Due to the following transactions, the total of accounting equation will be: (a) Commenced business with cash Rs.4,00,000 (b) Purchased goods on credit Rs.75,000 (c) Goods costing Rs.1,00,000 sold at a profit of 20% for cash (d) Rent paid Rs.5000
Answers
Explanation:
Capital = 40,000
Asset = Debtor = 1,20,000 (20% profit added)

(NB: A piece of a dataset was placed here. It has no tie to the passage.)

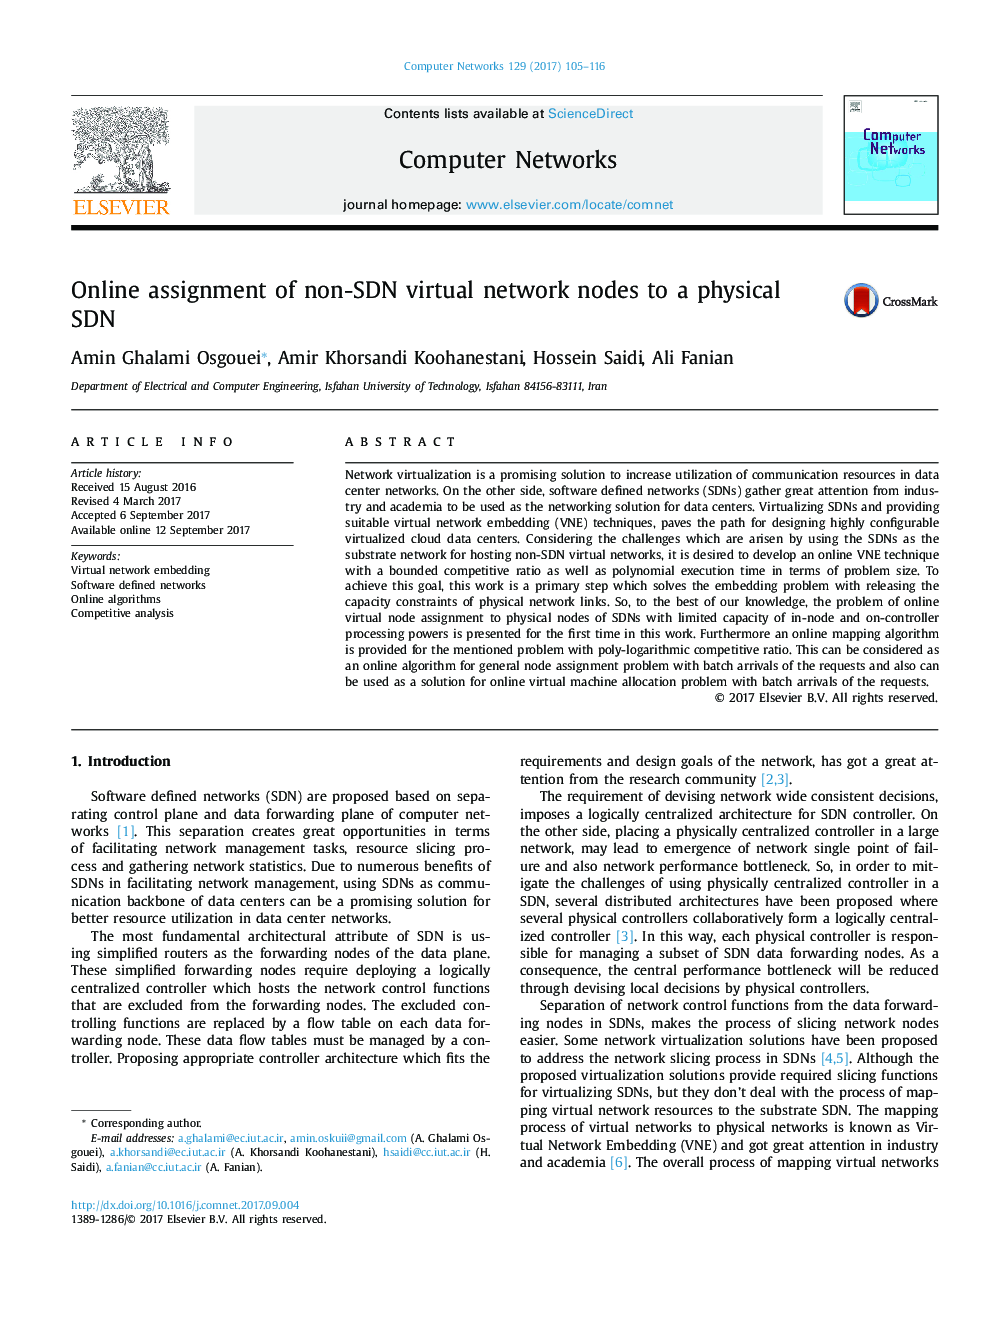 Online assignment of non-SDN virtual network nodes to a physical SDN

Liability = Creditor + Rent = 75000 + 5000
= 80,000
Accounting equation,
Asset = Liability + Capital
1,20,000= 80,000+ 40,000
1,20,000=1,20,000
Answer:
Below is the required accounting equation.
Explanation:
What we know:
Capital = 40,000
Debtor = 1,20,000 (20% profit added)
Liability = Creditor + Rent
= 75000 + 5000
= 80,000
So, the accounting equation will be:
Asset = Liability + Capital
1,20,000= 80,000 + 40,000
1,20,000 = 1,20,000
The Accounting Equation: What Is It?
The entire assets of a corporation are equal to the sum of its liabilities and shareholders' equity, according to the accounting equation. The basic idea behind the double-entry accounting system is that assets, liabilities, and equity have a clear relationship with one another. The fundamental accounting formula and the cornerstone of the double-entry accounting system is asset = liabilities + equity. Transactions are recorded using the double-entry method as debits and credits. It implies that the total monetary value of all a company's assets equals the sum of its claims from both owners and outside parties. The value of capital and liabilities can be calculated using this equation.
Thus, an essential component of the balance sheet and a fundamental accounting principle is the accounting equation.